I’m not sure this resolves all ambiguity, but it simplifies the rule to just doing multiplication/division before addition/subtraction. It seems simple enough in my mind, so I’d need to see a counter example if it does break down.
Though I hate how mainstream math problems/puzzles always end up being an order of operations problem, which I’d argue isn’t even math but more of a metamath thing. If you’re using math to solve a real problem, the correct order of operations will be determined by logic, not any conventions.
Like if it takes you 5 seconds to get in your car and 12 seconds per km traveled, and 5 seconds to get out of your car, if you multiply the 10 seconds to get in or out by the distance, you’ll have a wrong answer. It’ll always be distance traveled in km times 12 seconds/km plus the 10 seconds, and the math works on the units as well as the numbers to show you did it in a way that makes sense.

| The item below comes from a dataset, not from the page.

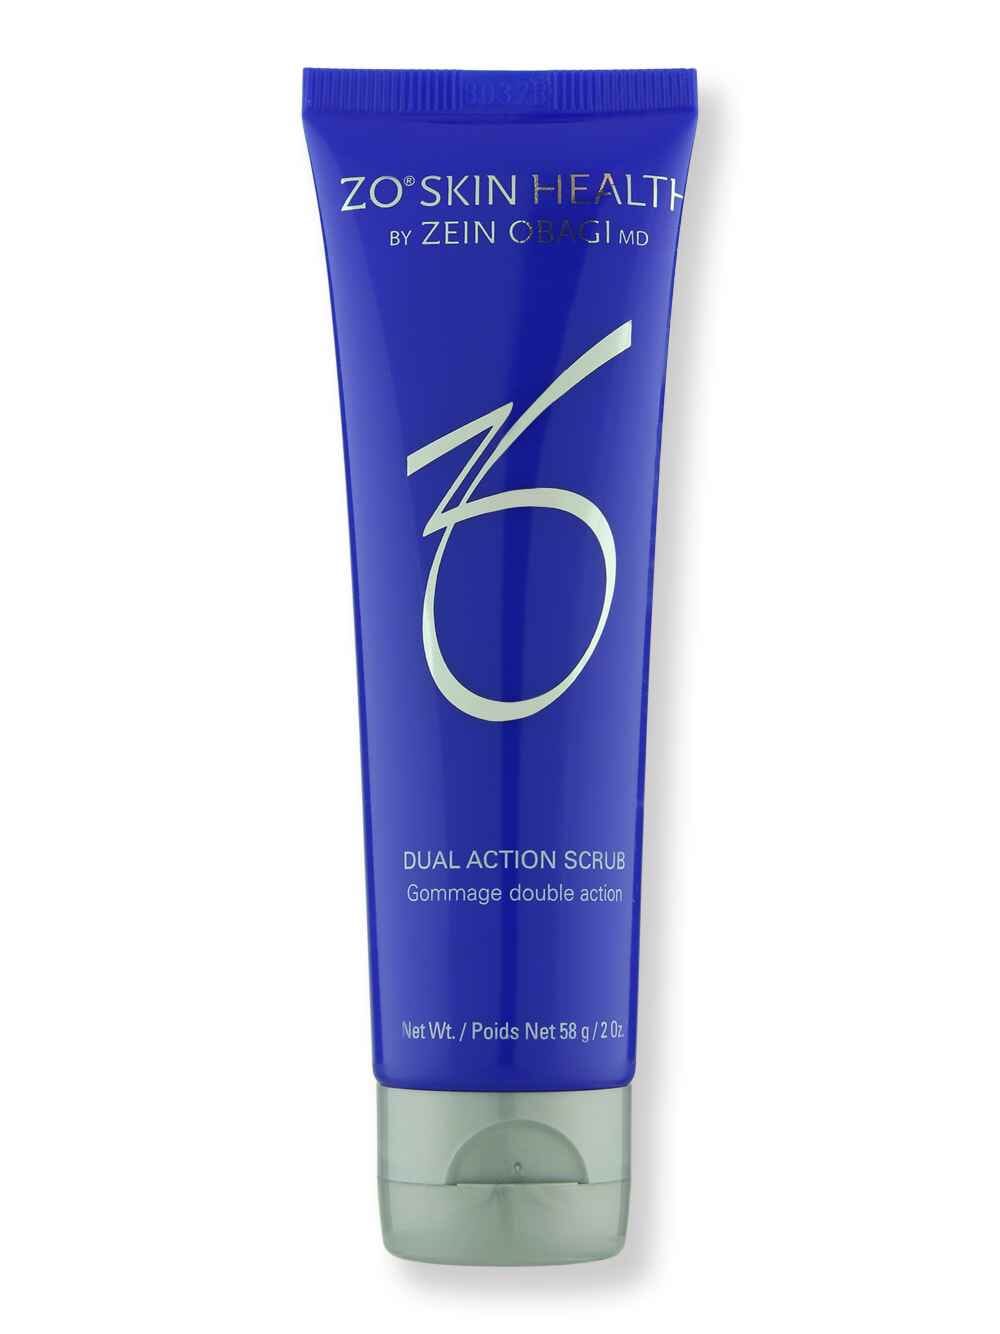 ZO Skin Health ZO Skin Health Dual Action Scrub 2 fl oz58 g Exfoliators & Peels

- Comment on wriggidy wrekt 3 days ago:
I think he’s just backup for the triangle-standers there to support Grant and Sattler, but you can see all 6 of them standing in perfect form, so the poor kid probably just got bored waiting for one of them to go to the bathroom. He was supposed to have tarp ready in case of a random windstorm or helicopter, but that almost never happens so instead he was just daydreaming about giant chickens.
- Comment on Hail corporate (they did it tho) 5 days ago:
And there’s a noticeable drop in quality. Not to the point that I’d say they aren’t worth getting, just noticeable. I’d say they are something like 50% the price for 75% the quality.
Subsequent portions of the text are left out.